Full trace for a request Jaeger <jaeger>:16686 (/search?service=ebit-api) search by traceID, or click a Grafana exemplar
Container CPU / mem / disk / net Grafana → ebit-perf-system <grafana>/d/ebit-perf-system 100 - 100 * avg by (instance) (rate(node_cpu_seconds_total{mode="idle"}[1m]))
Postgres slowest tables Grafana → ebit-prisma-postgres <grafana>/d/ebit-prisma-postgres topk(5, histogram_quantile(0.95, sum by (le, db_sql_table) (rate(duration_milliseconds_bucket{span_name="prisma:engine:db_query"}[1m]))))
Postgres hot queries (raw) psql + pg_stat_statements shell to db pod SELECT query, calls, mean_exec_time, total_exec_time FROM pg_stat_statements ORDER BY total_exec_time DESC LIMIT 20;
Redis throughput by command Grafana → ebit-redis <grafana>/d/ebit-redis sum by (span_name) (rate(calls_total{span_kind="SPAN_KIND_CLIENT",span_name=~"(?i)(get\|set\|del\|hget\|hset\|...)"}[1m])) (full filter in dashboard JSON)
BullMQ queue depth Grafana → ebit-bullmq <grafana>/d/ebit-bullmq bullmq_queue_jobs{state="wait"}
Logs ↔ trace pivot UI Grafana → ebit-logs-trace-pivot <grafana>/d/ebit-logs-trace-pivot (mixed Loki + Tempo/Jaeger panels)

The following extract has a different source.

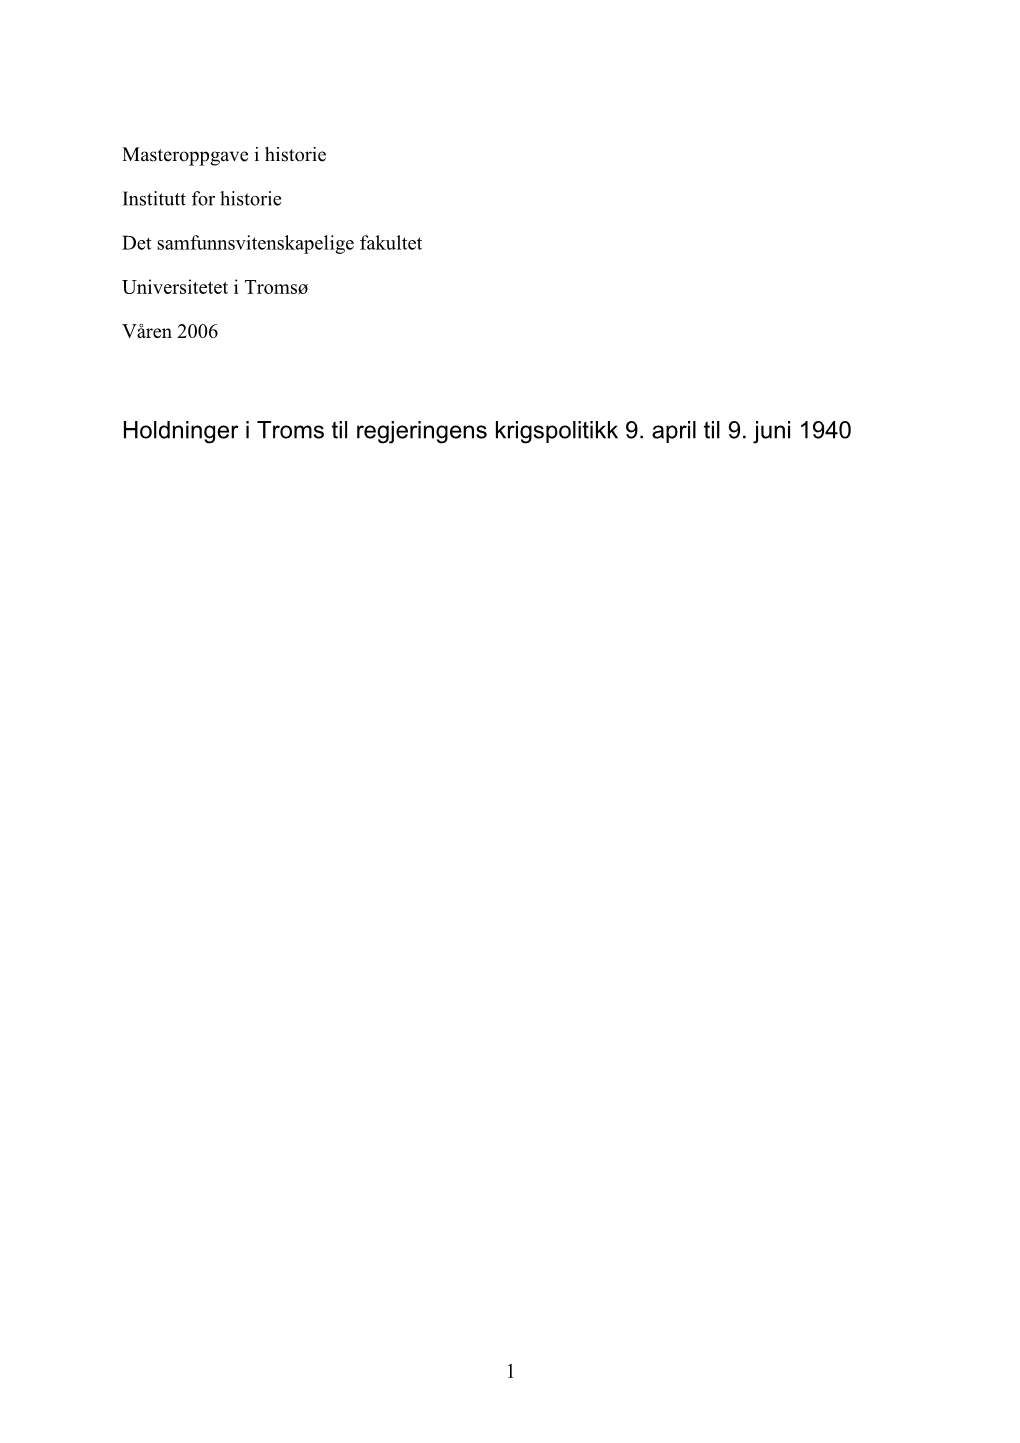 Holdninger I Troms Til Regjeringens Krigspolitikk 9. April Til 9. Juni 1940

Local URLs: Grafana http://localhost:3003 (admin/grafana) · Jaeger http://localhost:16686 · Prometheus http://localhost:9090 · Loki http://localhost:3100. Production URLs come from the perf-stack Terraform outputs (terraform output -json | jq .grafana_url) — see docs/perf-run-checklist.md.

2. Find a trace from a user complaint

Customer says "betting was slow at 14:30". Walk-through:

  1. Open GrafanaDashboardsebit · Performance Test (or ebit · Service Overview (RED) for prod-shape views).
  2. Set the time range to a 30-min window straddling 14:30 (e.g., 14:15–14:45). Top-right time picker.
  3. Look at "p95 Latency by Service". The line for service_name="api" (or bj, speed-roulette, etc.) should show a visible spike at 14:30.
  4. Click the spike. Grafana renders an exemplar dot (small diamond) on the same time axis when traces have been sampled at that latency. Hover → "View Trace in Jaeger" link.
  5. Jaeger opens with the slowest trace from that bucket. Inspect the waterfall: the longest span is the bottleneck. Common culprits documented in docs/audits/perf-trace-coverage-audit.md.
  6. No exemplar dot visible? Tail-sampling drops ~90% of OK traces; only ERROR / SLOW samples are kept (see docs/audits/jaeger-storage-research.md). Click into Jaeger directly and search by service+operation+min-duration; you'll find a representative trace even without the exemplar link.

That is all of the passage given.